The number and percent of Florida infants (overall and ART conceived) born in 2000 – 2006 after induction of labor, as measured by Florida birth certificate data and imputed data before and after adopting the new birth certificate format.
| All Infants | ART-conceived Infantsa | ART-conceived Infantsa (imputed induction of labor) | |
|---|---|---|---|
| Year | N (%) | N (%) | N (%) |
| Jan 2000-Feb 2004* | 167,944 (19.4) | 450 (16.5) | 575 (20.5) |
| Mar 2004-Dec 2006 | 156,582 (24.0) | 486 (21.9) | 486 (21.9) |
Florida adopted the new format of birth certificate on 3/01/2004.

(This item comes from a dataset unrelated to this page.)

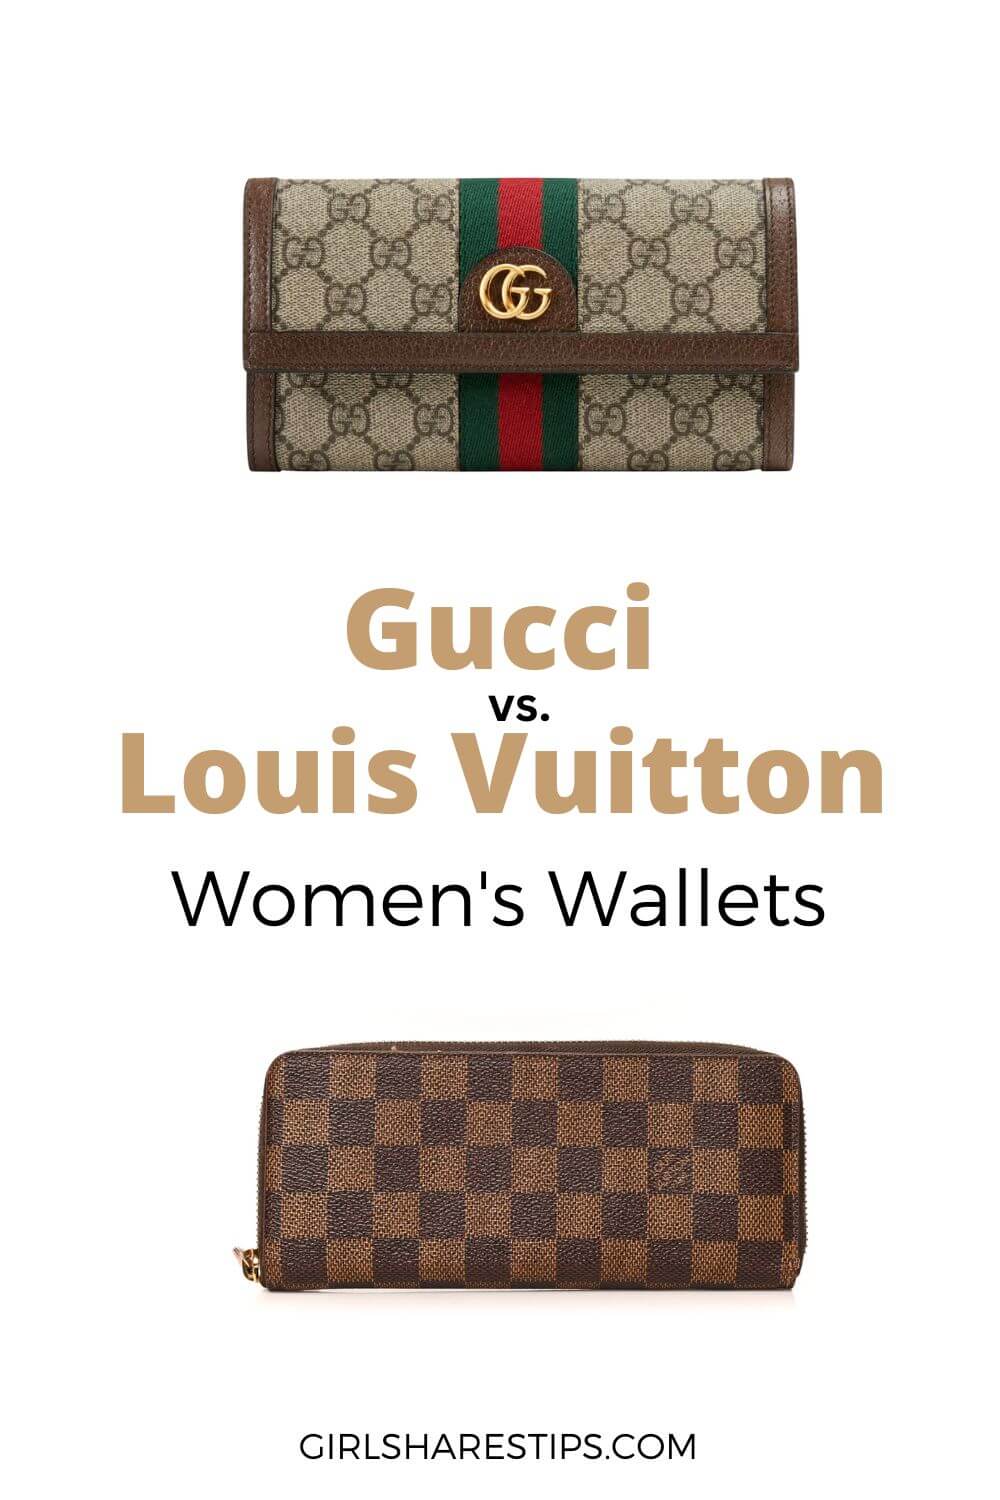 Gucci vs Louis Vuitton wallet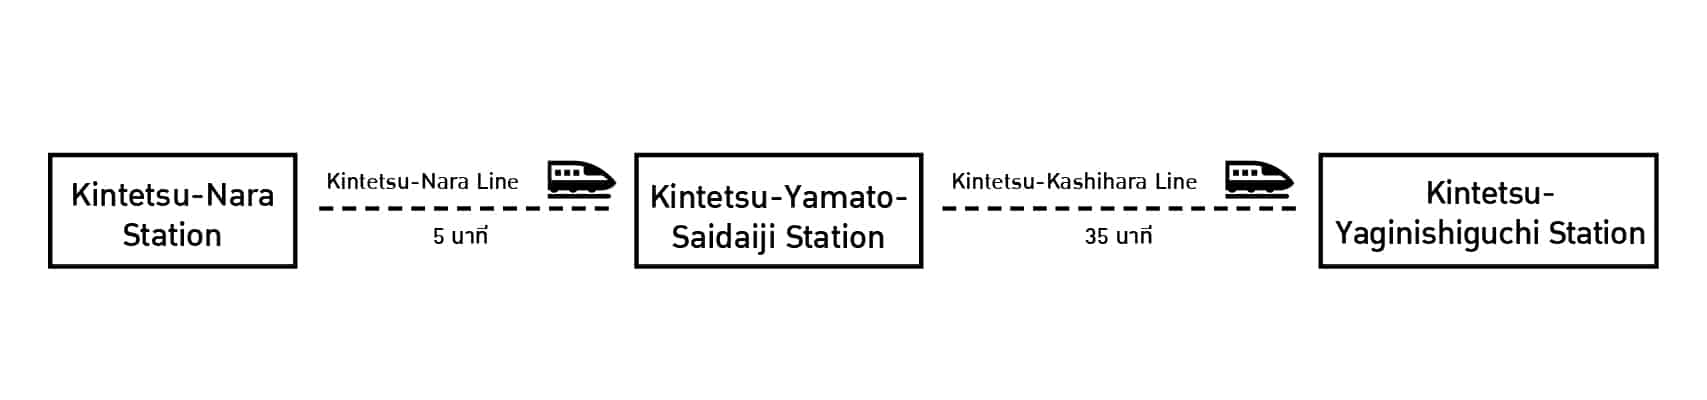 การเดินทางจากสถานีรถไฟคินเท็ตสึนาราไปยังสถานีรถไฟคินเท็ตสึ Yaginishiguchi

Index birth includes all ART-conceived, live-born, first-delivery, first-born infants.
Table 2.
Crude (unadjusted) odds ratio and adjusted odds ratio (aOR) derived from logistic regression models assessing the association between five minute Apgar scores less than seven and mother's infertility diagnosis: Florida, Massachusetts, and Michigan births, 2000-2006..
| Infertility diagnosis | Crude OR (95% CI) P value | Not Imputed Dataa aOR (95% CI) P value | Imputed Datab aOR (95% CI) P value |
|---|---|---|---|
| Tubal Obstruction Only | Ref | Ref | Ref |
| Ovulatory Dysfunction Only | 1.86 (1.31-2.63) <0.001 | 1.83 (1.20-2.80) 0.005 | 1.94 (1.32-2.85) 0.001 |
| Other | 1.20 (0.85-1.69) 0.297 | 1.30 (0.89-1.89) 0.180 | 1.35 (0.91-1.99) 0.131 |
The not imputed dataset contains all observations from 2000-2006 for all three states as originally collected, ignoring the change in the data collection for the Florida induction of labor data that occurred in 2004.
The imputed dataset contains all observations from 2000-2006 for all three states; however the labor of induction values for Florida from 2000-February 2004 and other missing values for induction of labor from Florida, Massachusetts, and Michigan have been imputed.
Discussion
When working with longitudinal, multi-state data, inconsistent information for one or more variables is likely to occur due to changes in variable collection methods over time. In our study, Florida adopted a change to their birth certificate in the middle of the study period, resulting in an inconsistent distribution for a control variable, induction of labor, over time. We examined the distribution of labor induction in Florida birth certificate data, and saw an appreciable increase in measured prevalence after the change. However, we observed a consistent prevalence of induction of labor during the entire study period as measured by Massachusetts and Michigan birth certificate data, indicating that the increase in prevalence detected for Florida birth certificate data was likely an artifact of the change in birth certificate format. Because we wanted to control for bias that may be introduced by the inconsistent distribution of labor induction in analysis, in addition to the collected data we tested multiple imputed data in analysis.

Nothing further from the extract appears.